WORK TO COMPLETE ::
An exact copy of the lines, starting at the top of the listing and ending with the line that has "Con kính chúc", is the required answer. Pictures are not part of it.

DATASET EXTRACT ::
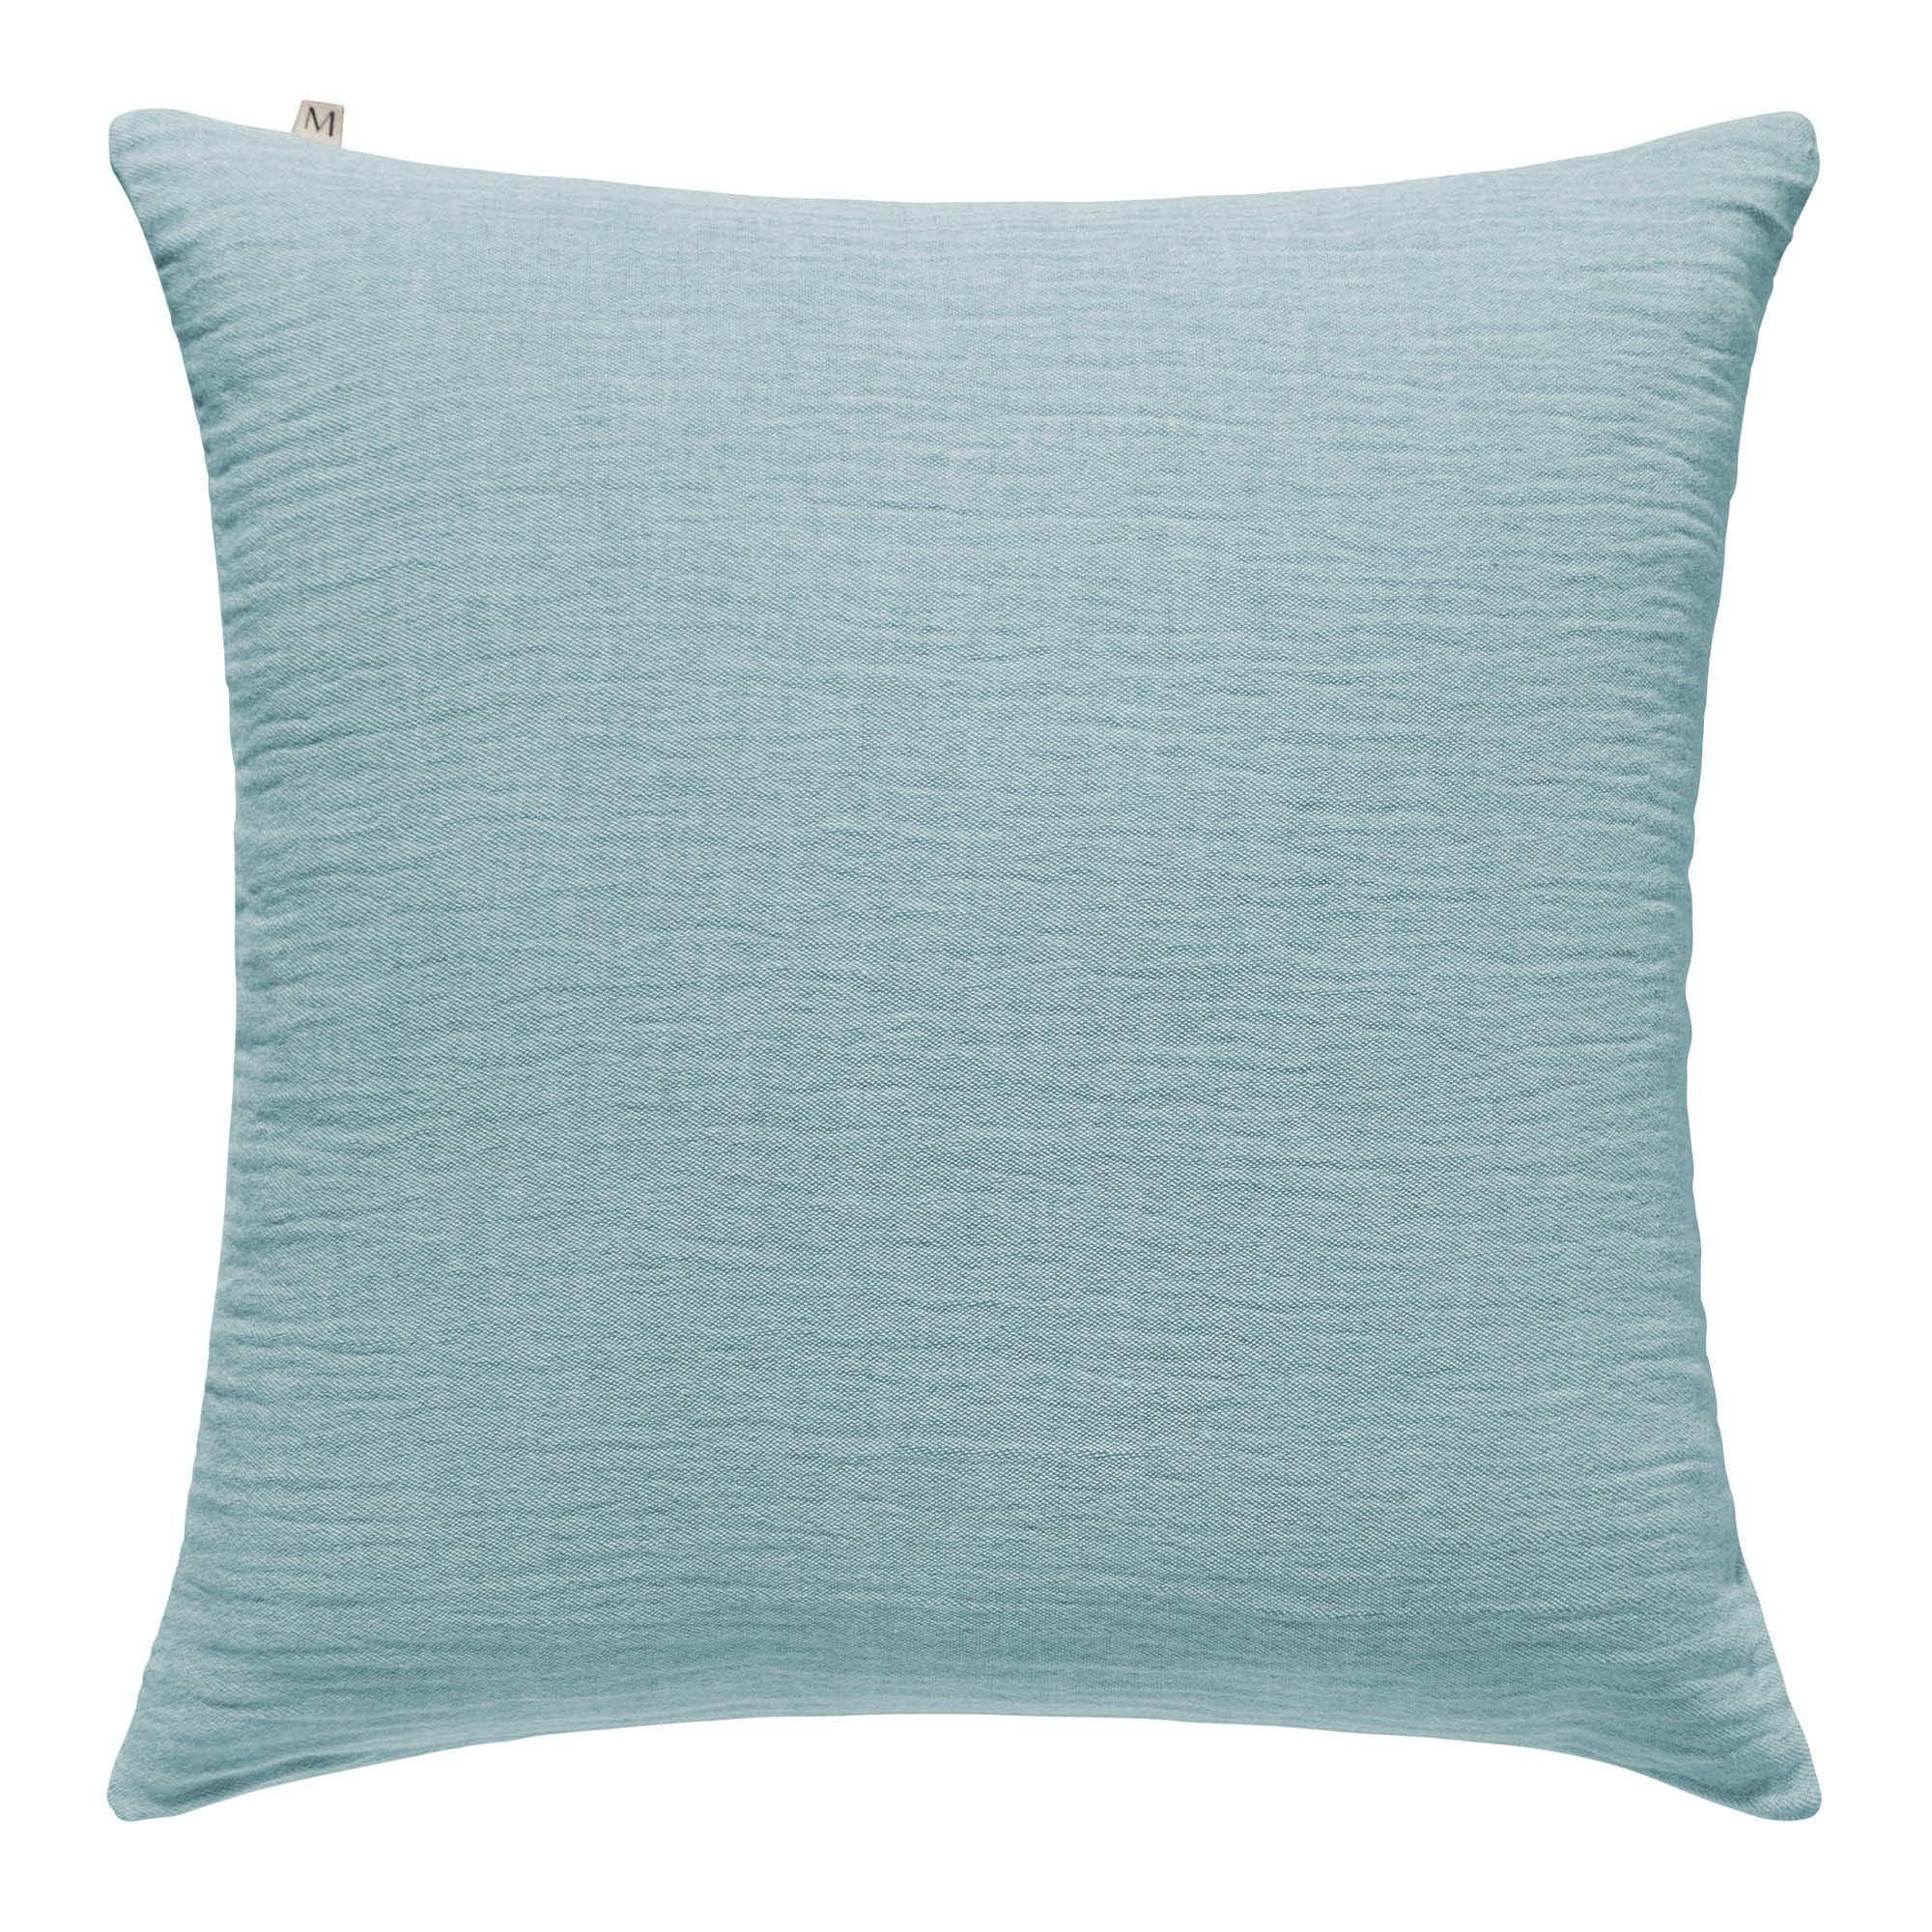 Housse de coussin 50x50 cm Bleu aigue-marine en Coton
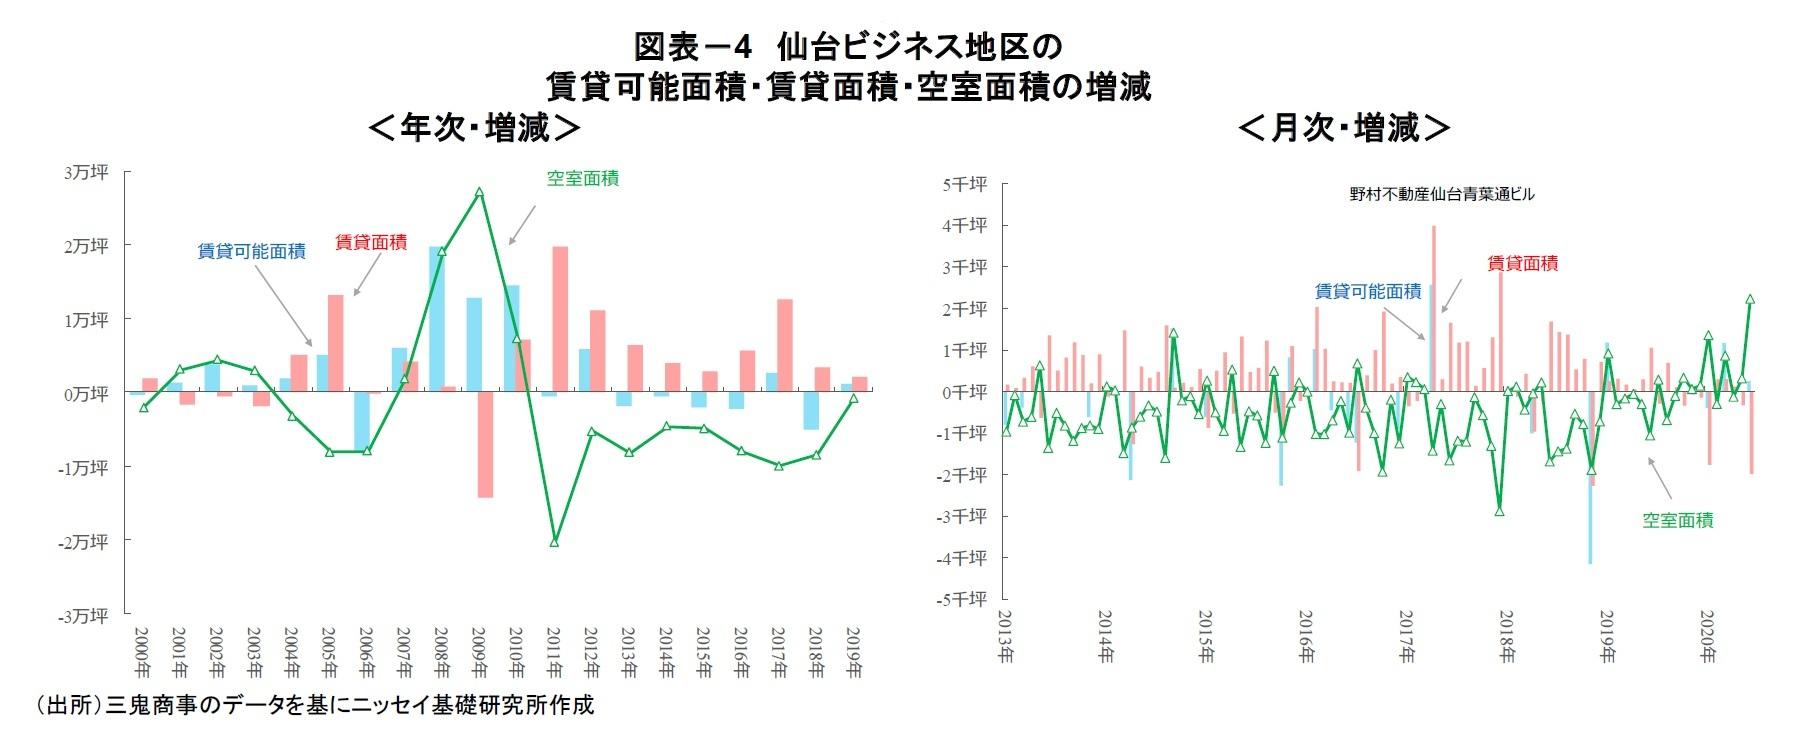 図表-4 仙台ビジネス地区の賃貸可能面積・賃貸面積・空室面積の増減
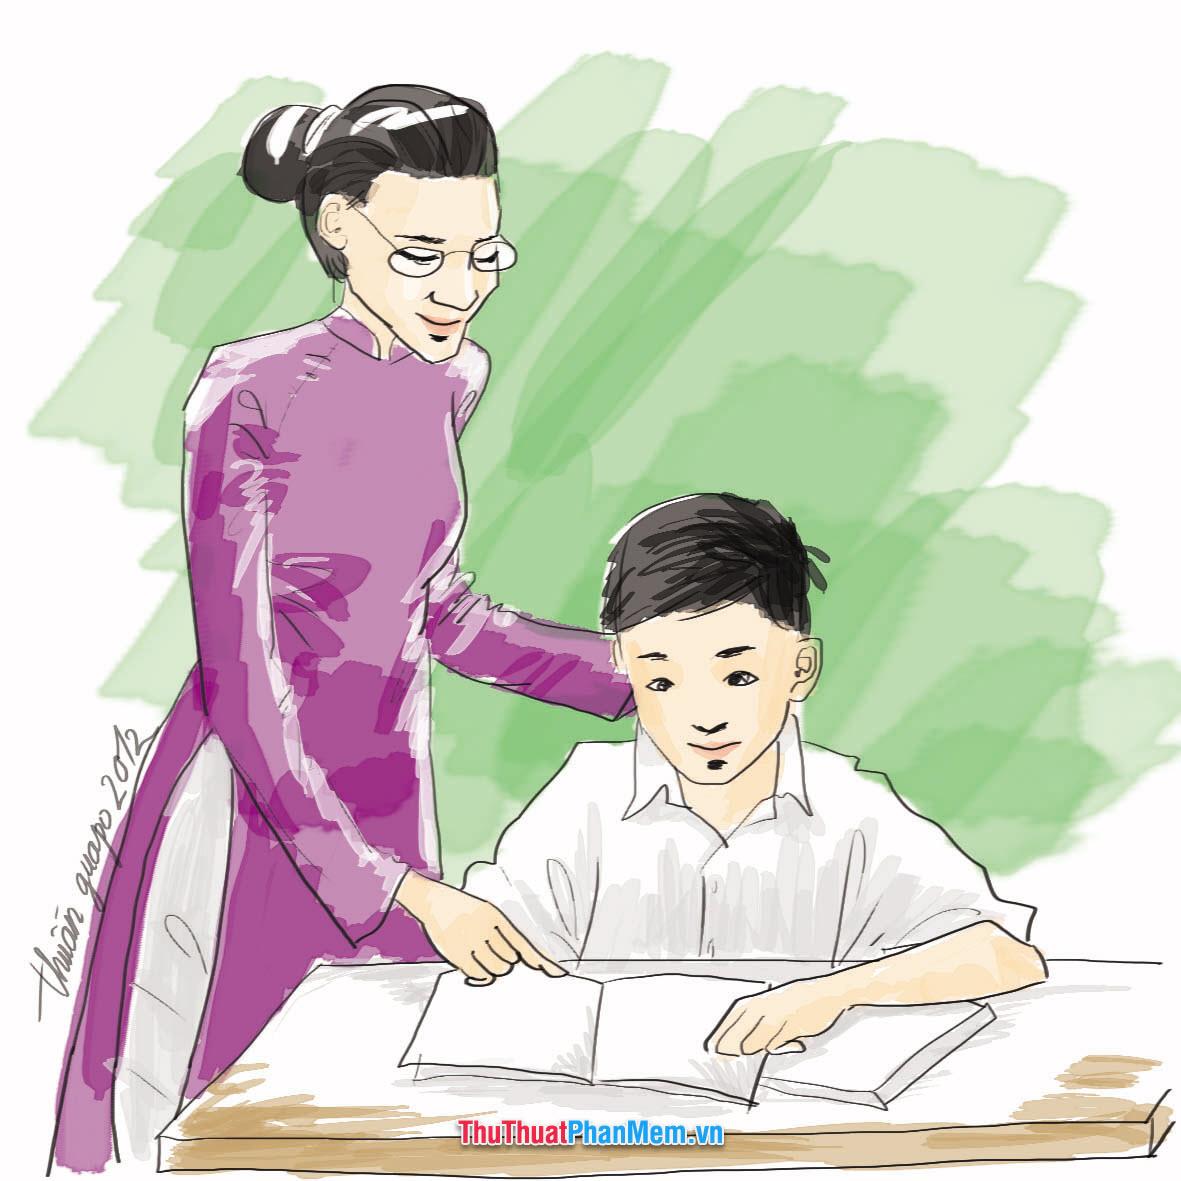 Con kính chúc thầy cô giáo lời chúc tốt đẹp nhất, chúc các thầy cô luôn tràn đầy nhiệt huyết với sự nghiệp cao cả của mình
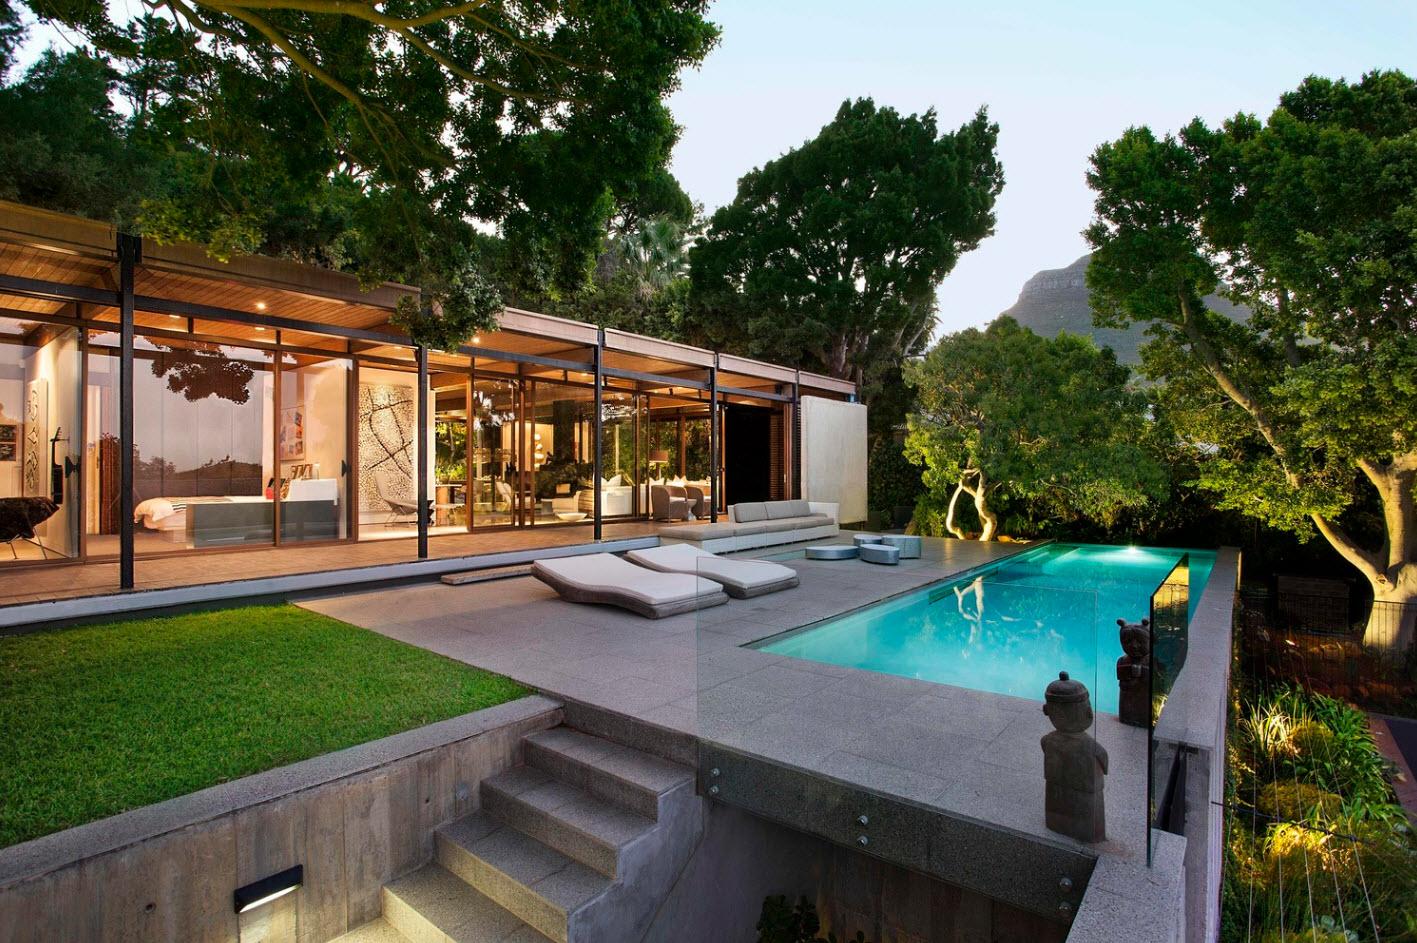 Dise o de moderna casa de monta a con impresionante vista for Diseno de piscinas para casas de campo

RESPONSE BOX ::
 Housse de coussin 50x50 cm Bleu aigue-marine en Coton
 図表-4 仙台ビジネス地区の賃貸可能面積・賃貸面積・空室面積の増減
 Con kính chúc thầy cô giáo lời chúc tốt đẹp nhất, chúc các thầy cô luôn tràn đầy nhiệt huyết với sự nghiệp cao cả của mình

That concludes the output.